= Stephanus of Alexandria =

Byzantine Neo-Platonic philosopher (c. 580–640)

Stephanus of Alexandria (Note: Also Stephanus Alexandrinus, Stephanos Alexandreus, Stephanos of Alexandria, Stephen of Alexandria.) (Στέφανος Αλεξανδρεύς; fl. c. 580 – c. 640) was a Byzantine philosopher and teacher who, besides philosophy in the Neo-Platonic tradition, also wrote on alchemy, astrology and astronomy. He was one of the last exponents of the Alexandrian academic tradition before the Islamic conquest of Egypt.

==Life==
Stephanus studied at Alexandria, probably under Elias. He is often named alongside Elias and David as among the Christians of the school of Olympiodorus. According to John Moschus, he was teaching and writing commentaries in Alexandria in the 580s, where he was involved in the controversy over Monophysitism, apparently taking positions on both sides. John calls him a "sophist and philosopher".

Shortly after the accession of the Emperor Heraclius in 610, Stephanus moved to Constantinople, the capital of the empire, "thereby bridging late Alexandria and the medieval Byzantine world." Whether he was invited by the emperor is not known. He took up a position as "ecumenical professor" (oikoumenikos didaskalos) (Note: He is also celebrated as an "ecumenical master" in the alchemical tradition.) at the Imperial Academy teaching Plato, Aristotle, the quadrivium, (Note: Arithmetic, geometry, music and astronomy.) alchemy and astrology. Among his students were the philosopher known as Pseudo-Elias and Tychicus of Trebizond, the teacher of the Armenian polymath Anania Shirakatsi.
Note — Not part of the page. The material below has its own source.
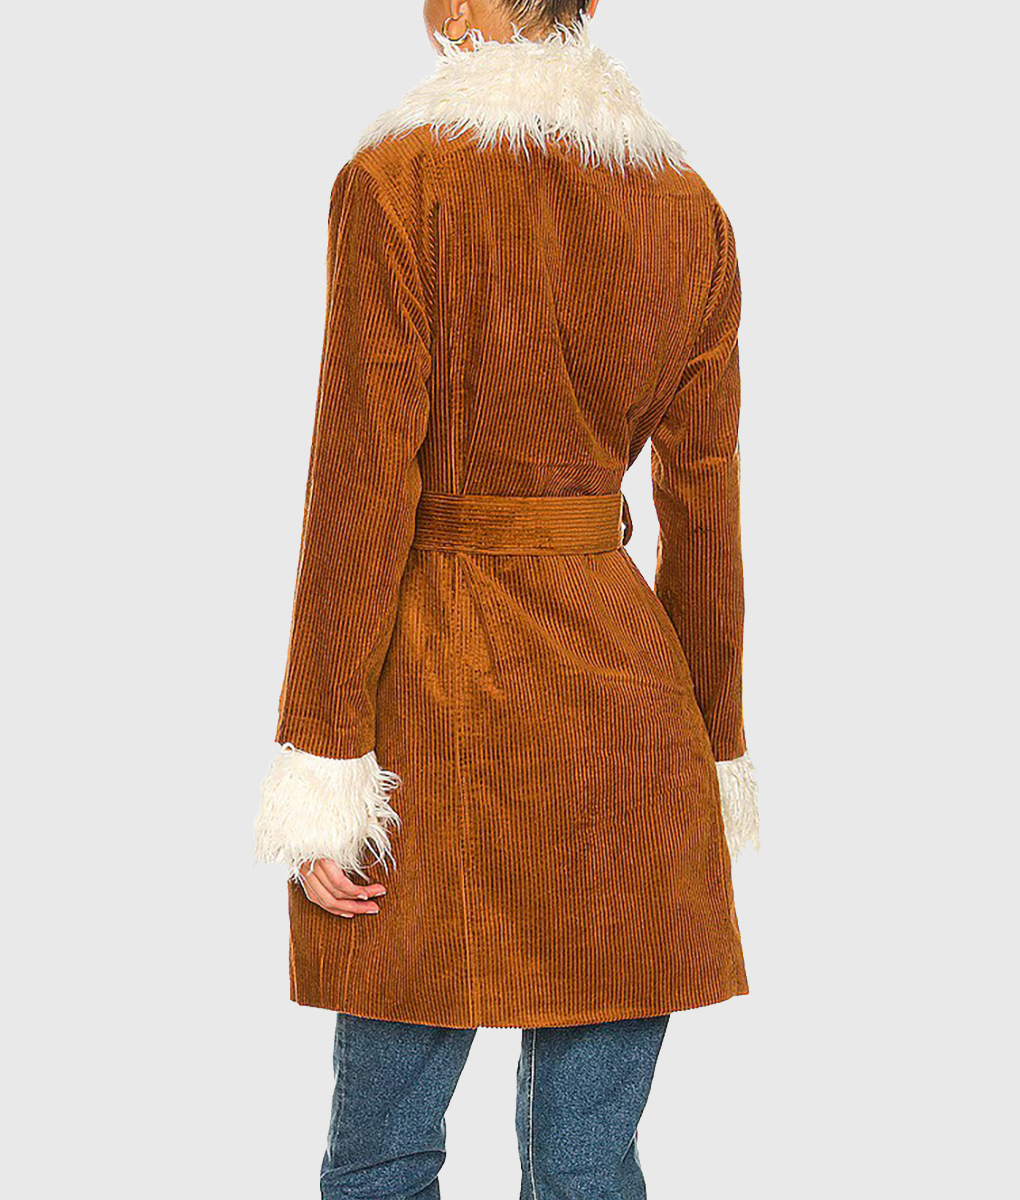 Nicola Coughlan Big Mood Suede Leather Brown Fur Coat (2)

Many works are attributed to Stephanus, some falsely, most written at Constantinople. Agapius of Hierapolis, writing of the treaty between Heraclius and the Persian king Kavad II in 628, states that Stephanus was "famous among the philosophers at that time". Stephanus died sometime before the death of Heraclius in 641. His identification with Stephanus of Athens has been proposed, but is unlikely.

== Works ==
1. A commentary on Aristotle. Editions:

- Commentaria in Aristotelem Graeca ed. consilio et auctoritate Academiae litt. reg. Boruss., Berlin, Bd. XV
- Ioannes Philoponus de anima, ed. Michael Hayduck, 1897 p. 446-607 (see praef. p. V); Vol. XVIII/3
- Stephanus de interpretatione, ed. M. Hayduck, 1885 (Vol. XXI/2: Stephanus in artem rhetoricam is by a Byzantine Rhetor Stephanos of the 12th century).

2. A commentary on the Isagogue of Porphyry. Editions:

- Anton Baumstark, Aristot. b. den Syrern v. 5.-8. Jh., Vol. 1: Syr.-arab. Biographien des Aristot., syr. Kommentare z. Eisag.des Porph., Leipzig 1900, 181-210 (with a translation of the fragments of the commentary of Stephanos).

3. Astronomical and chronological works. Editions:

- Explanatio per propria exempla commentarii Theonis in tabulas manuales, Ed. Usener, De Stephano Al. p. 38-54 (= Kl. Schriften. III, 295–319).

4. Alchemical works. Scholars are divided as to whether or not these are authentic works of the same Stephen of Alexandria due to the style of writing. The translator, F. Sherwood Taylor accepts them as his. A compendium of alchemical texts including the poem De Chrysopoeia (On how to make gold) is extant in two manuscripts, Venice Cod. Marcianus 299 and Paris BNF 2327.

Editions:

- De magna et sacra arte, Ed. Julius Ludwig Ideler in Physici et medici Graeci minores II, Berlin 1842 (Reprinted Hakkert, Amsterdam 1963) p. 199-253. (Ideler used a faulty copy of the Marcianus)
- F. Sherwood Taylor, The alchemical works of S. of Al., in: Ambix, the Journal of the Society for the study of alchemy and early chemistry 1, London 1937, 116–139; 2, 1938, 38-49 (Taylor compared Ideler with the Marcianus and edited lessons 1-3 only; with English translation and commentary).
- Maria Papathanassiou, ed., Stephanos von Alexandreia und sein alchemistisches Werk, Athens, 2017. Complete critical edition of the Greek text with extensive study and commentary online here and posted on the author's Academia.edu page.

5. Astrological works.

- Opusculum apotelesmaticum, Ed. Usener in De Stephano Al. p. 17-32 (= Kl. Schrr. III, 266–289).

6. A horoscope of Muhammad and a prophecy of the rise of Islam attributed to Stephanus is apocryphal. It must date from after 775, since it mentions the Caliph al-Mahdi.